▶ **YOUR GOAL**
The material must be copied out exactly, line for line.

▶ **TASK MATERIAL**
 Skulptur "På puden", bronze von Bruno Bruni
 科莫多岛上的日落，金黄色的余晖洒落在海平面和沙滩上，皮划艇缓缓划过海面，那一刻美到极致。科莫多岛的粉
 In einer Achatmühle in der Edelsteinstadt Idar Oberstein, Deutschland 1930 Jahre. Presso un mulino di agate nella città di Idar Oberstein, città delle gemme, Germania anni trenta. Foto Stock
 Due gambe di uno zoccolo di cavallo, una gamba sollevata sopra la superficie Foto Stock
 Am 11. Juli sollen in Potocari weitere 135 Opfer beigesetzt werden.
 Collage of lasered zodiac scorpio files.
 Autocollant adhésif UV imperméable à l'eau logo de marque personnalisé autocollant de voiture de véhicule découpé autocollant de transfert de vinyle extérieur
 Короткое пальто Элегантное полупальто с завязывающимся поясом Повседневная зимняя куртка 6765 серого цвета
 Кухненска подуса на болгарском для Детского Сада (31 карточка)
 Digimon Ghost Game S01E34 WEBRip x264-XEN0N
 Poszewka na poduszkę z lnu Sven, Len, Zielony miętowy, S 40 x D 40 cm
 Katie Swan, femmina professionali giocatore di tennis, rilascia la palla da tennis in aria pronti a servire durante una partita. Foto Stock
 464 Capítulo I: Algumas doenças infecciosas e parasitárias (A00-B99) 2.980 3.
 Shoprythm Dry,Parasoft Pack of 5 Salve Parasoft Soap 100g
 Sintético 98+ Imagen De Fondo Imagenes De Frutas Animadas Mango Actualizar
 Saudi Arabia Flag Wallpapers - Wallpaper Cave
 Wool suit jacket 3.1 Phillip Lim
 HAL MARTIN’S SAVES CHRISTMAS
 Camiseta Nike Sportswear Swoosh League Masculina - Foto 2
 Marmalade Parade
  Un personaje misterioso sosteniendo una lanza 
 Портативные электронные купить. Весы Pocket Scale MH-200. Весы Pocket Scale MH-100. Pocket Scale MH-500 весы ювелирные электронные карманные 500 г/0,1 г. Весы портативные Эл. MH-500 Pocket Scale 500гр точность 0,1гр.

▶ **REPLY TO THE EXERCISE**
 Skulptur "På puden", bronze von Bruno Bruni
 科莫多岛上的日落，金黄色的余晖洒落在海平面和沙滩上，皮划艇缓缓划过海面，那一刻美到极致。科莫多岛的粉
 In einer Achatmühle in der Edelsteinstadt Idar Oberstein, Deutschland 1930 Jahre. Presso un mulino di agate nella città di Idar Oberstein, città delle gemme, Germania anni trenta. Foto Stock
 Due gambe di uno zoccolo di cavallo, una gamba sollevata sopra la superficie Foto Stock
 Am 11. Juli sollen in Potocari weitere 135 Opfer beigesetzt werden.
 Collage of lasered zodiac scorpio files.
 Autocollant adhésif UV imperméable à l'eau logo de marque personnalisé autocollant de voiture de véhicule découpé autocollant de transfert de vinyle extérieur
 Короткое пальто Элегантное полупальто с завязывающимся поясом Повседневная зимняя куртка 6765 серого цвета
 Кухненска подуса на болгарском для Детского Сада (31 карточка)
 Digimon Ghost Game S01E34 WEBRip x264-XEN0N
 Poszewka na poduszkę z lnu Sven, Len, Zielony miętowy, S 40 x D 40 cm
 Katie Swan, femmina professionali giocatore di tennis, rilascia la palla da tennis in aria pronti a servire durante una partita. Foto Stock
 464 Capítulo I: Algumas doenças infecciosas e parasitárias (A00-B99) 2.980 3.
 Shoprythm Dry,Parasoft Pack of 5 Salve Parasoft Soap 100g
 Sintético 98+ Imagen De Fondo Imagenes De Frutas Animadas Mango Actualizar
 Saudi Arabia Flag Wallpapers - Wallpaper Cave
 Wool suit jacket 3.1 Phillip Lim
 HAL MARTIN’S SAVES CHRISTMAS
 Camiseta Nike Sportswear Swoosh League Masculina - Foto 2
 Marmalade Parade
  Un personaje misterioso sosteniendo una lanza 
 Портативные электронные купить. Весы Pocket Scale MH-200. Весы Pocket Scale MH-100. Pocket Scale MH-500 весы ювелирные электронные карманные 500 г/0,1 г. Весы портативные Эл. MH-500 Pocket Scale 500гр точность 0,1гр.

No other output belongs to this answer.